▶ **AIM OF THE TASK**: Leave the pictures out and repeat the rest of the data below exactly.

COLLECTED DATA Start Marker

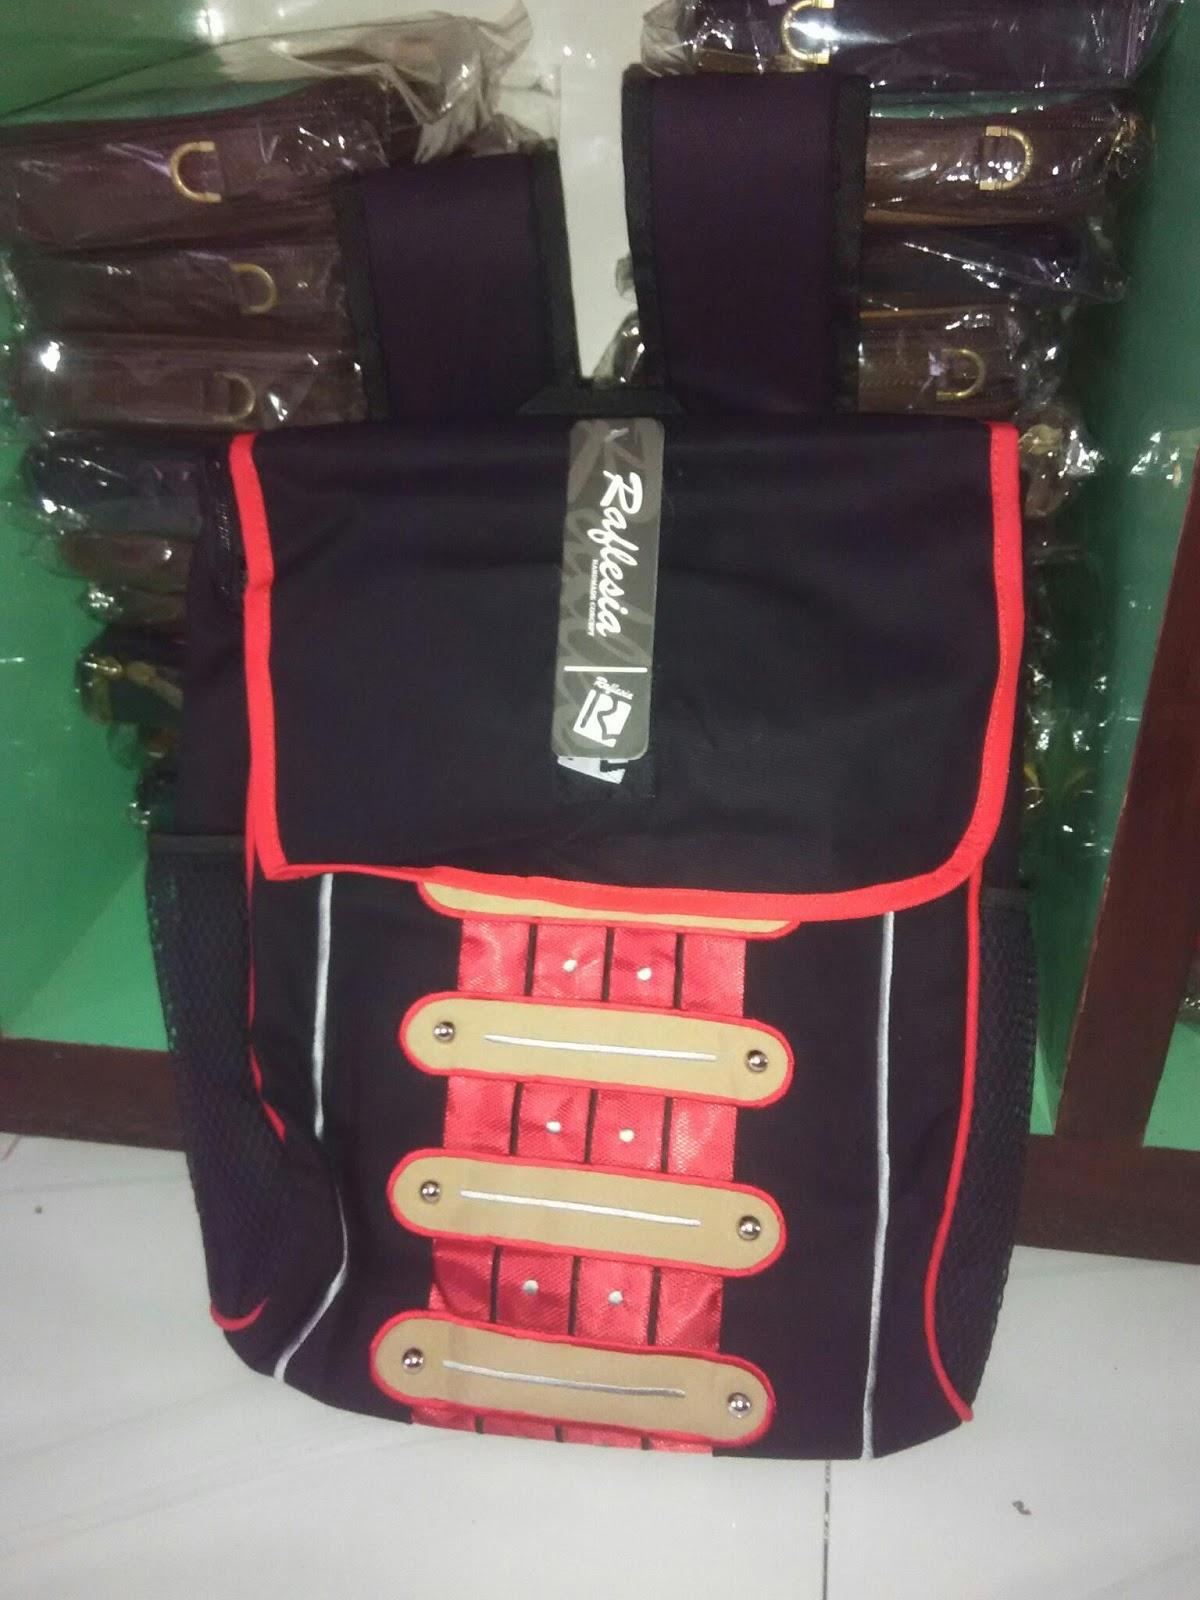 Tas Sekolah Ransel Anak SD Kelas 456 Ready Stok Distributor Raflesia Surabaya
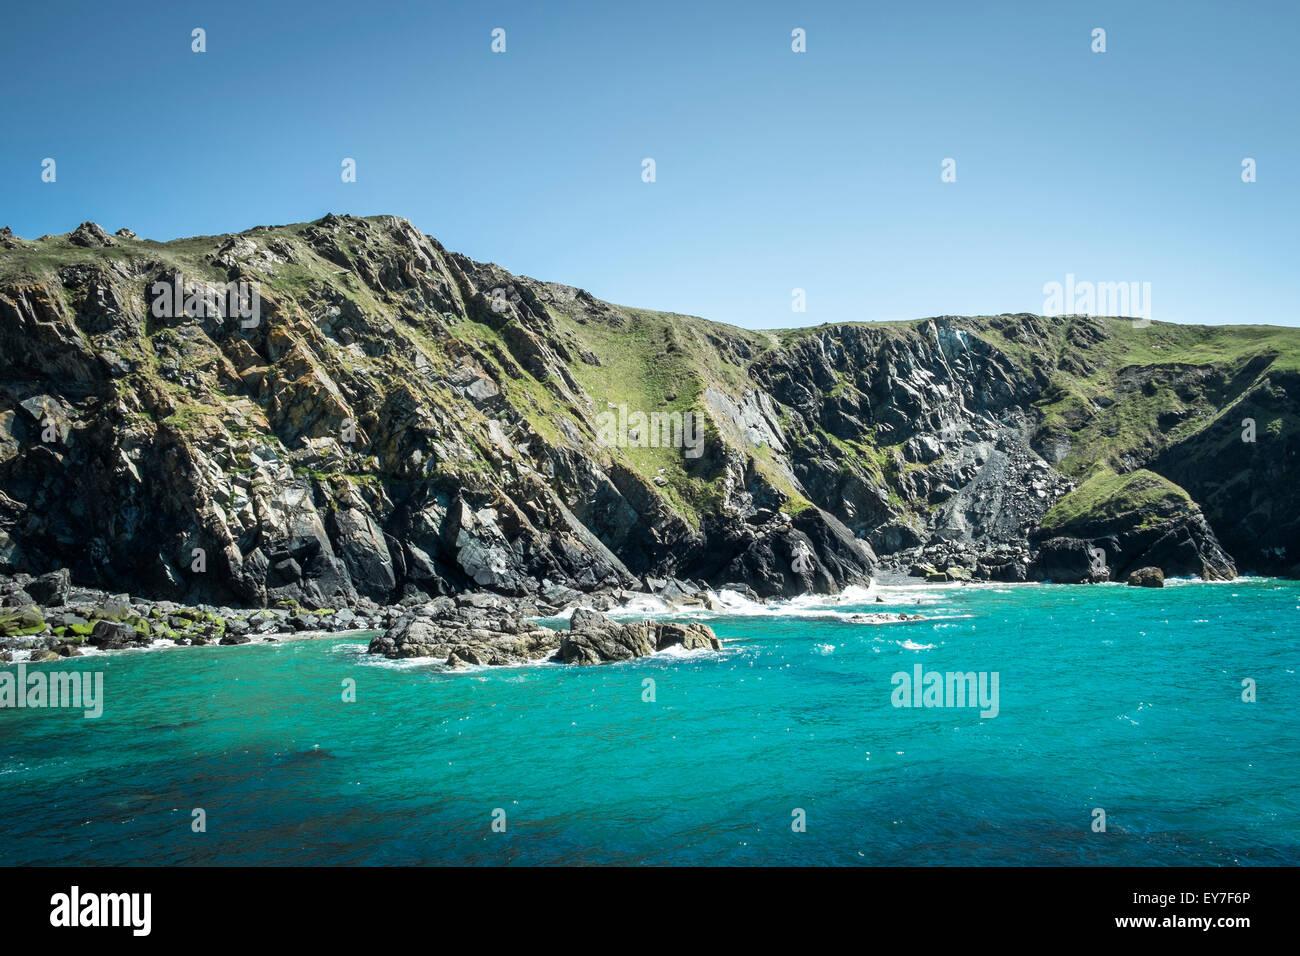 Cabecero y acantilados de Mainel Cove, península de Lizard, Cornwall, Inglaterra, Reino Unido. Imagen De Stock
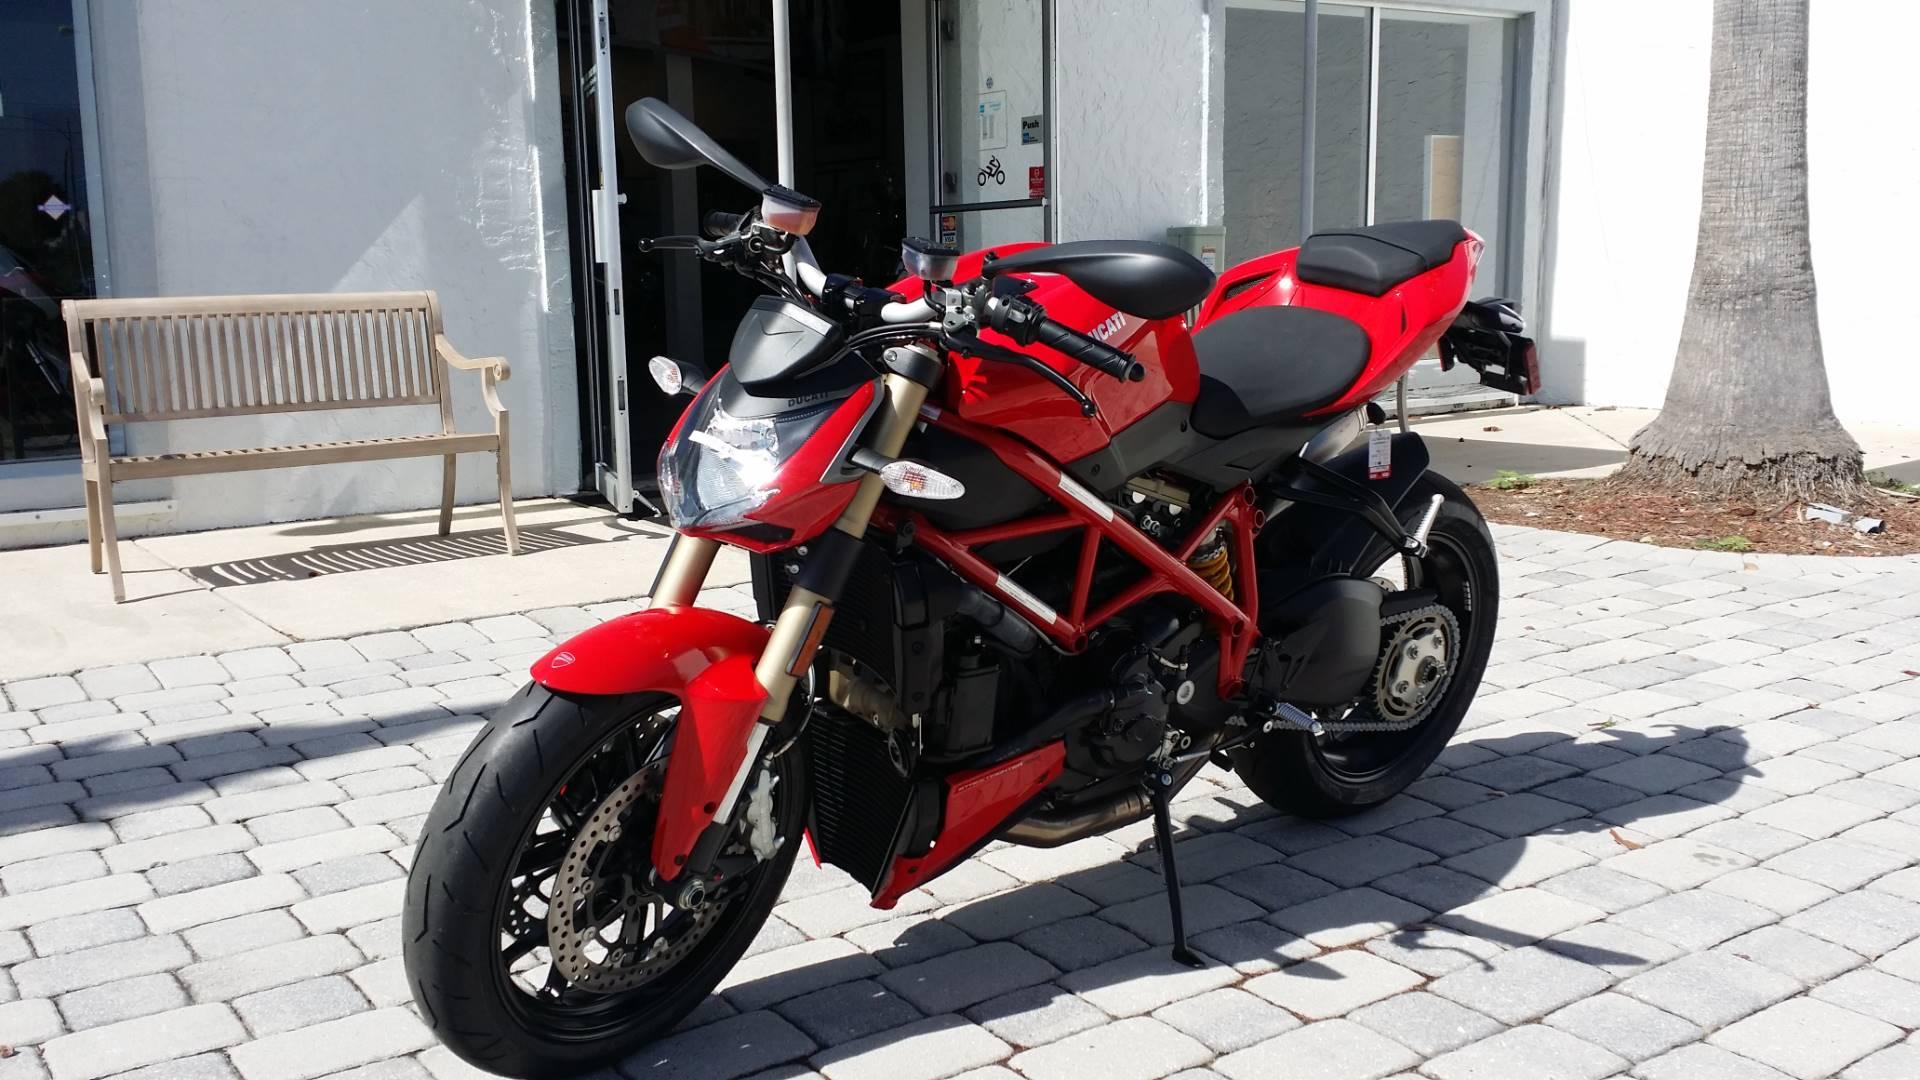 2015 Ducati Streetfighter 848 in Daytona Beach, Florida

COLLECTED DATA End Marker

▶ **RESULT OF THIS EXERCISE**:
 Tas Sekolah Ransel Anak SD Kelas 456 Ready Stok Distributor Raflesia Surabaya
 Cabecero y acantilados de Mainel Cove, península de Lizard, Cornwall, Inglaterra, Reino Unido. Imagen De Stock
 2015 Ducati Streetfighter 848 in Daytona Beach, Florida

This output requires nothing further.